Polymer clays contain a basis of PVC resin and a liquid plasticizer, making it a plastisol. Polymer clay plastisol is also categorized as a plastigel because of its rheological properties. It is a high yield thixotropic material: when a sufficient force is applied, the material yields, flowing like a viscous liquid until that force is removed, whereupon it returns to being a solid. This plasticity is what makes it useful as modeling clay as opposed to putty or paste. Plastigels retain their shape even when heat is applied, which is why polymer clay does not melt or droop when oven cured. Various gelling agents are added to give it this property, such as aminated bentonite, metallic soaps, or fumed silica.
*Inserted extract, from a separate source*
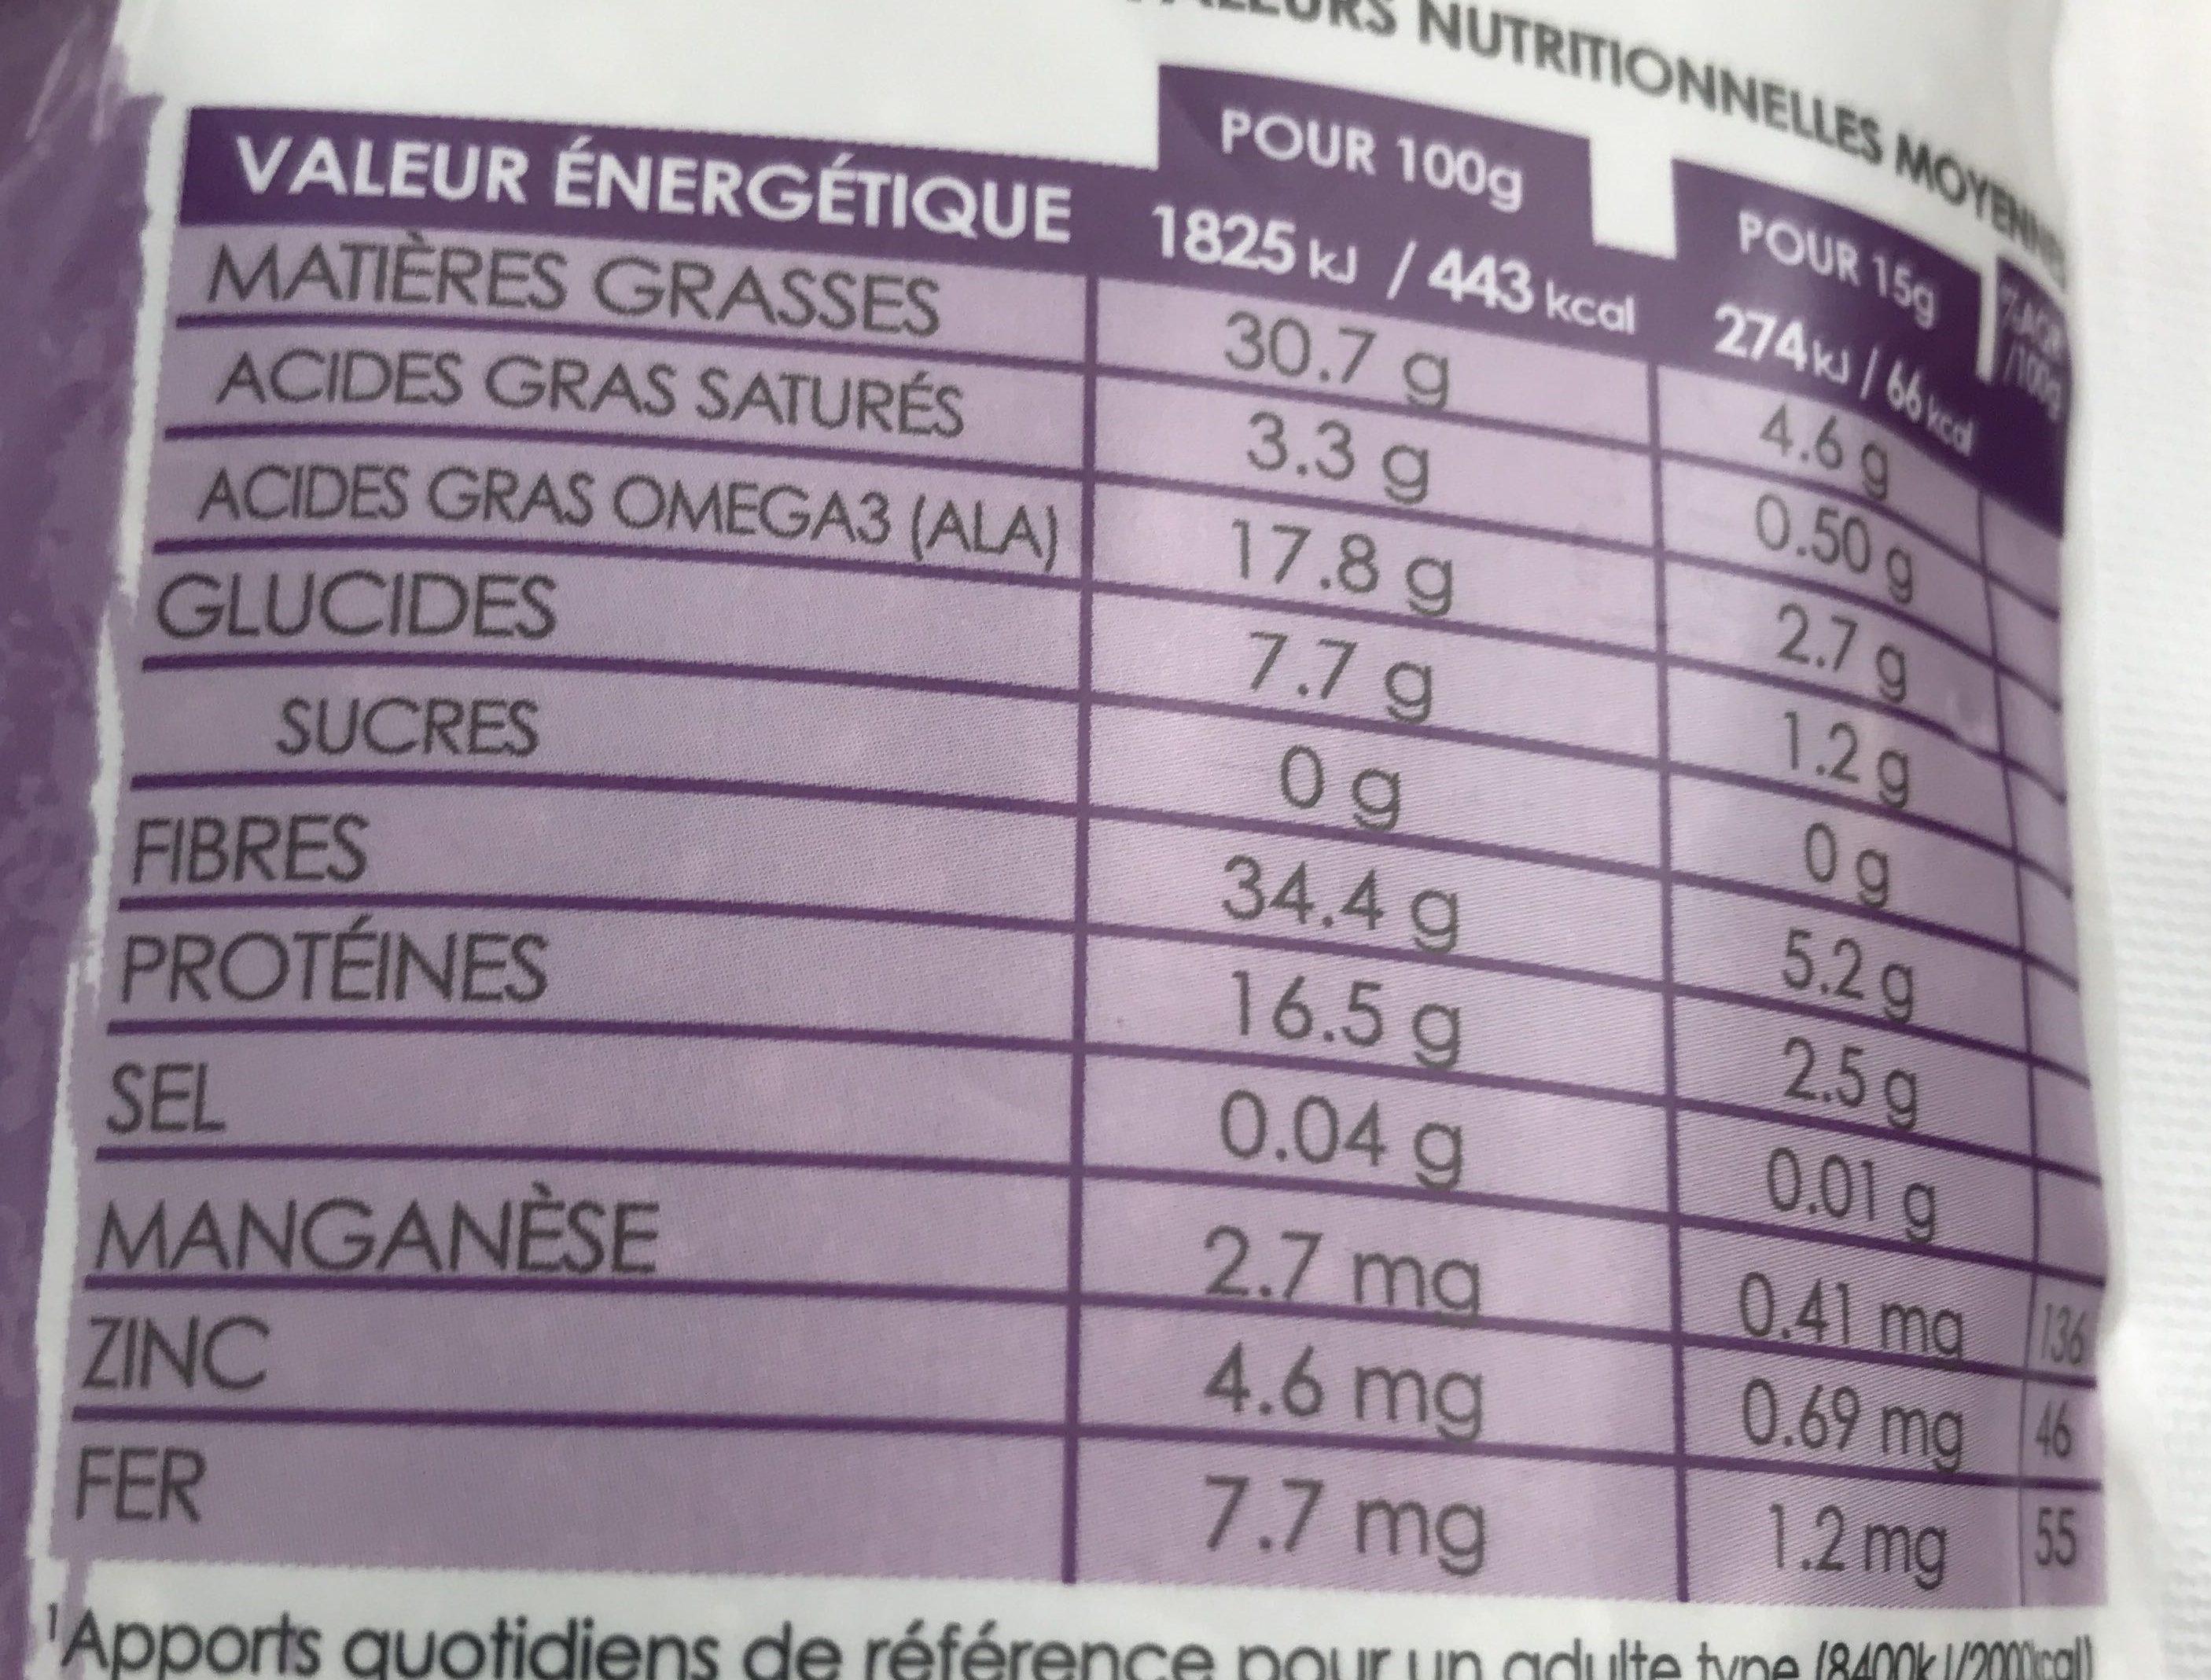 Graines de chia - Informations nutritionnelles - fr
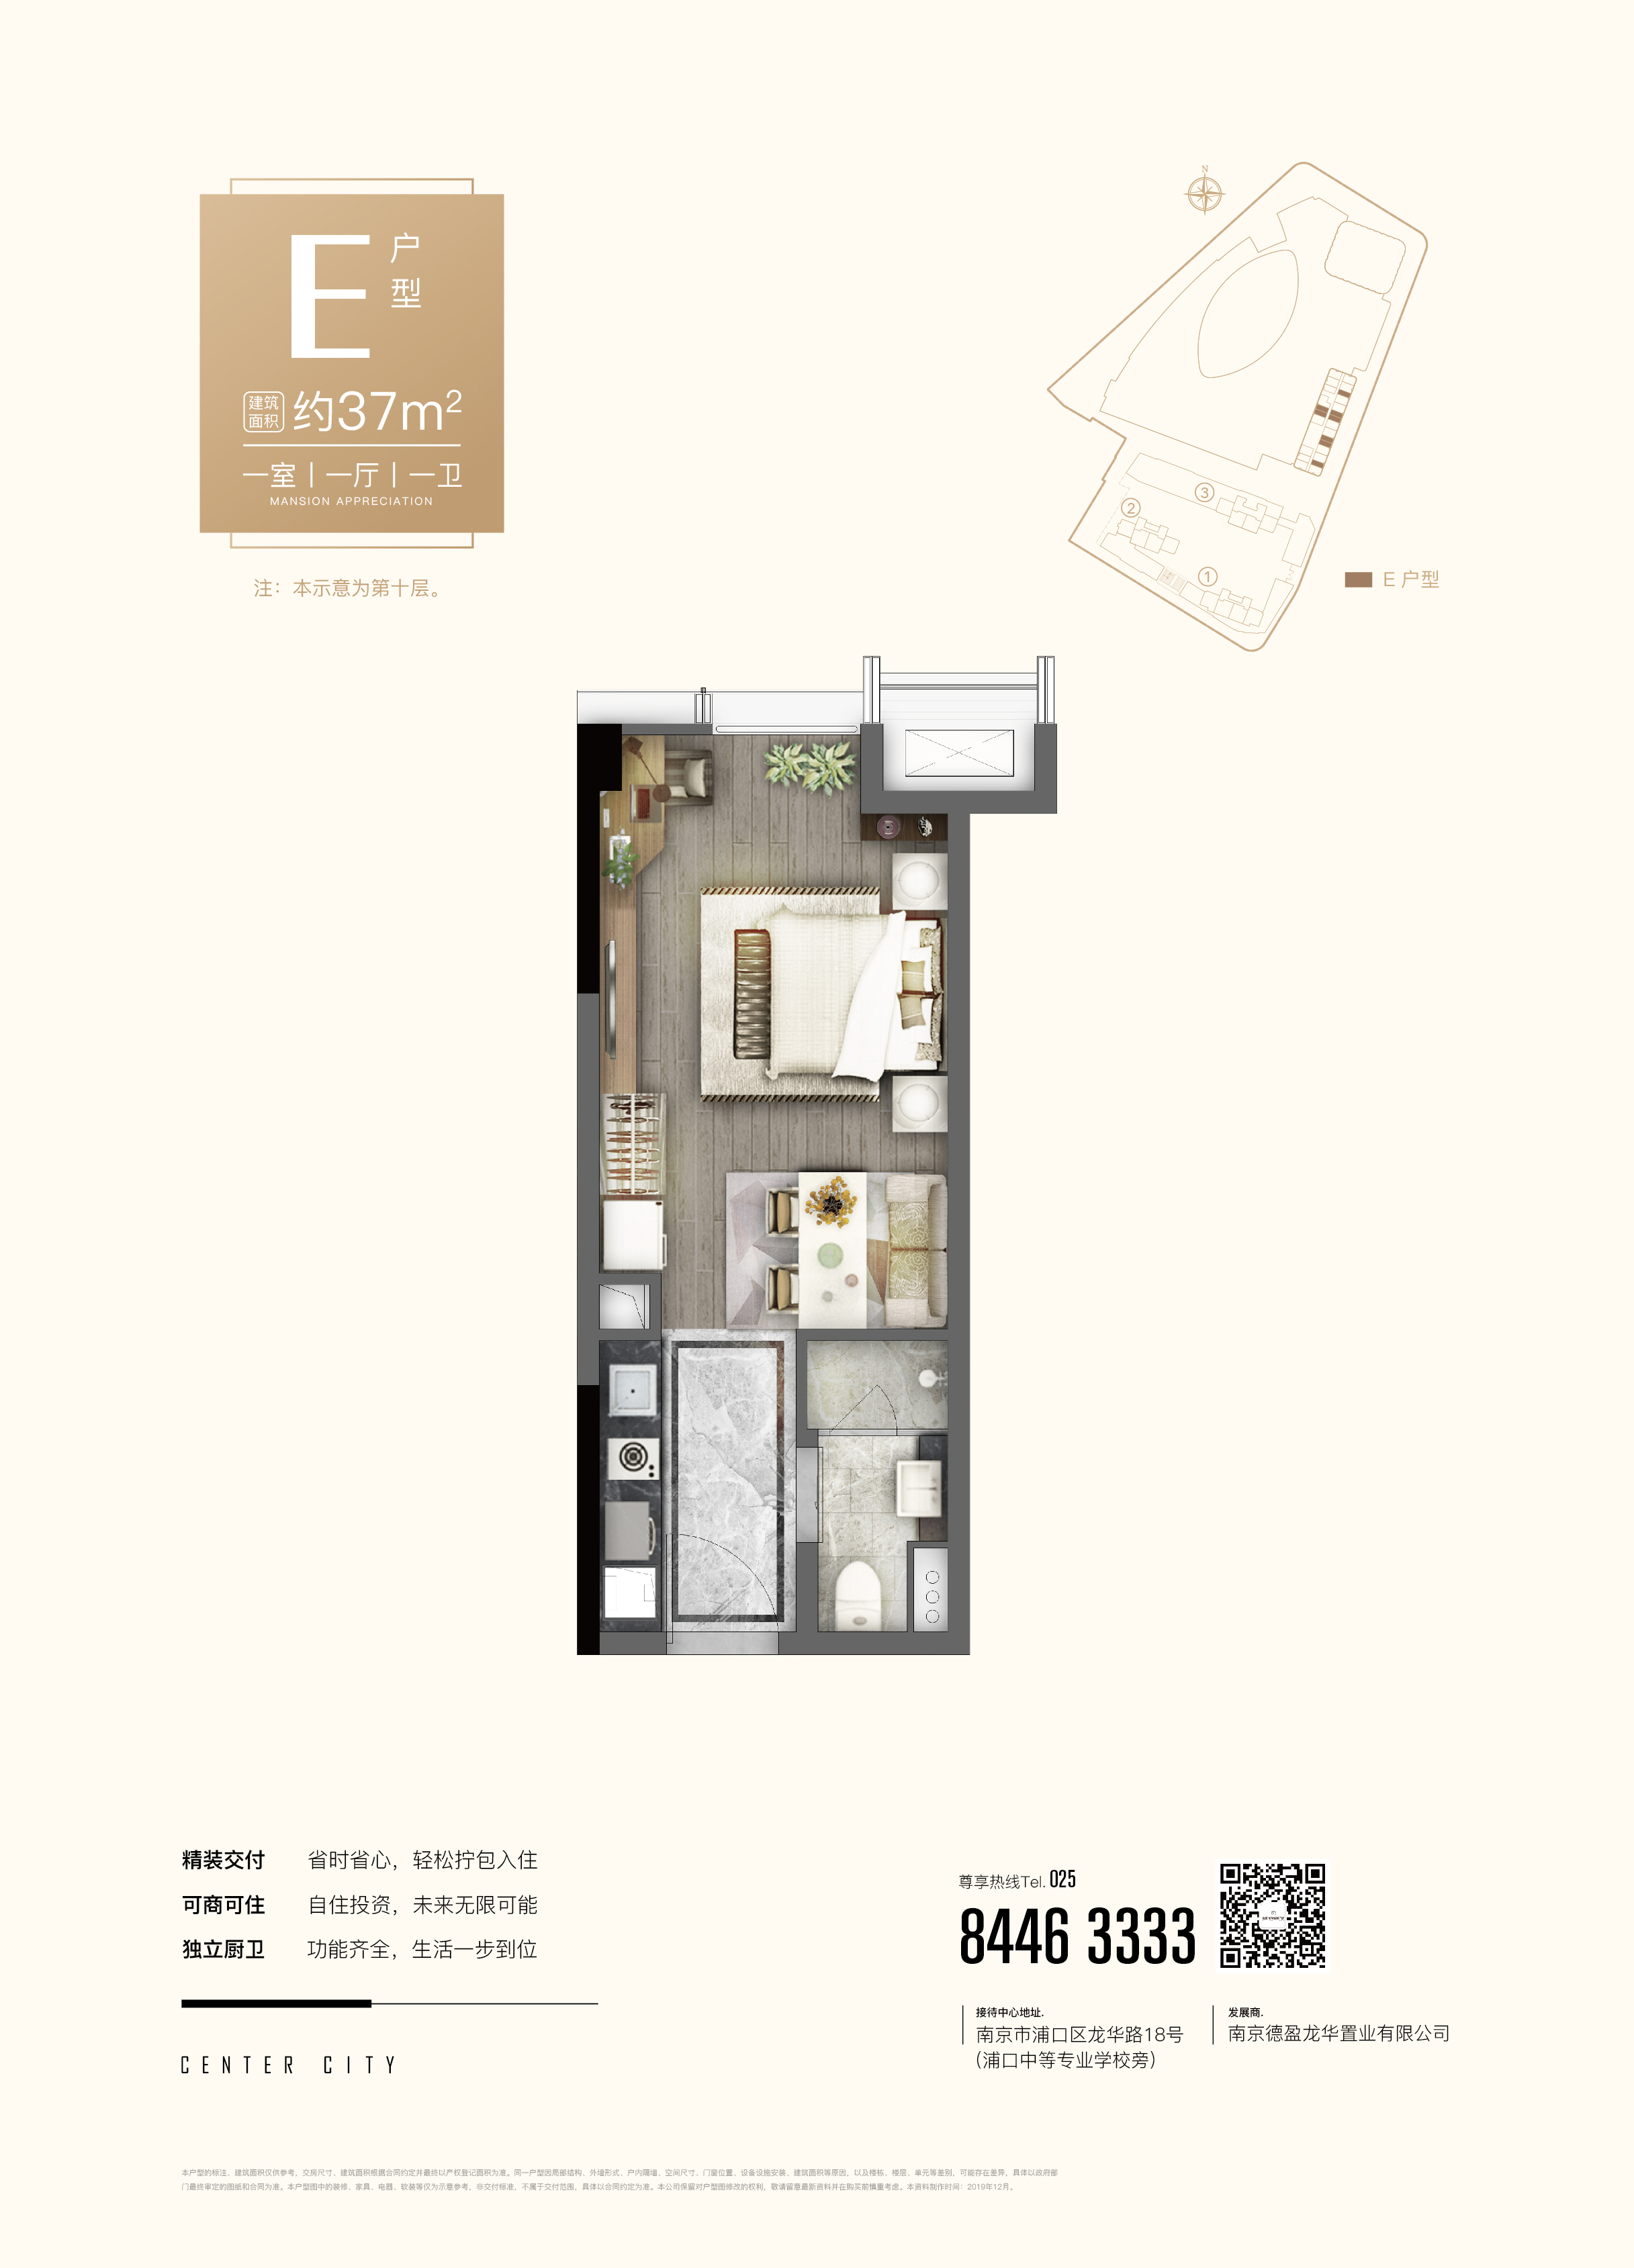 德盈龙华国际广场(公寓)  1室1厅1厨1卫

The base resin can be modified in various ways. Mineral oil, lecithin, and odorless mineral spirits can be added to reduce its viscosity or alter its working properties. Small amounts of zinc oxide, kaolin, or other fillers are sometimes added to increase opacity, elastic modulus, or compression strength. Polymer clay is available in many colors, which can be mixed to create a wide range of colors or gradient blends. Special-effect colors and composites include translucent, fluorescent, phosphorescent, and faux "pearls", "metallics", and "stone."

Polyethylene:

Commonly used polyethylenes can be classified into low density polyethylene (LDPE), high density polyethylene (HDPE), and linear low density polyethylene (LLDPE). Among them, HDPE has better thermal, electrical and mechanical properties, while LDPE and LLDPE have better flexibility, impact properties and film forming properties. LDPE and LLDPE are mainly used for plastic bags, plastic wraps, bottles, pipes and containers; HDPE is widely used in various fields such as film, pipelines and daily necessities because its resistance to many different solvents.

Polypropylene:

Polypropylene is widely used in various applications due to its good chemical resistance and weldability. It has lowest density among commodity plastics. It is commonly used in packaging applications, consumer goods, automatic applications and medical applications. Polypropylene sheets are widely used in industrial sector to produce acid and chemical tanks, sheets, pipes, Returnable Transport Packaging (RTP), etc. because of its properties like high tensile strength, resistance to high temperatures and corrosion resistance.

Lava Lamp:

A lava lamp contains two immiscible liquids (a molten wax and a watery solution) which add movement due to convection. In addition to the top surface, surfaces also form between the liquids, requiring a tension breaker to recombine the wax droplets at the bottom.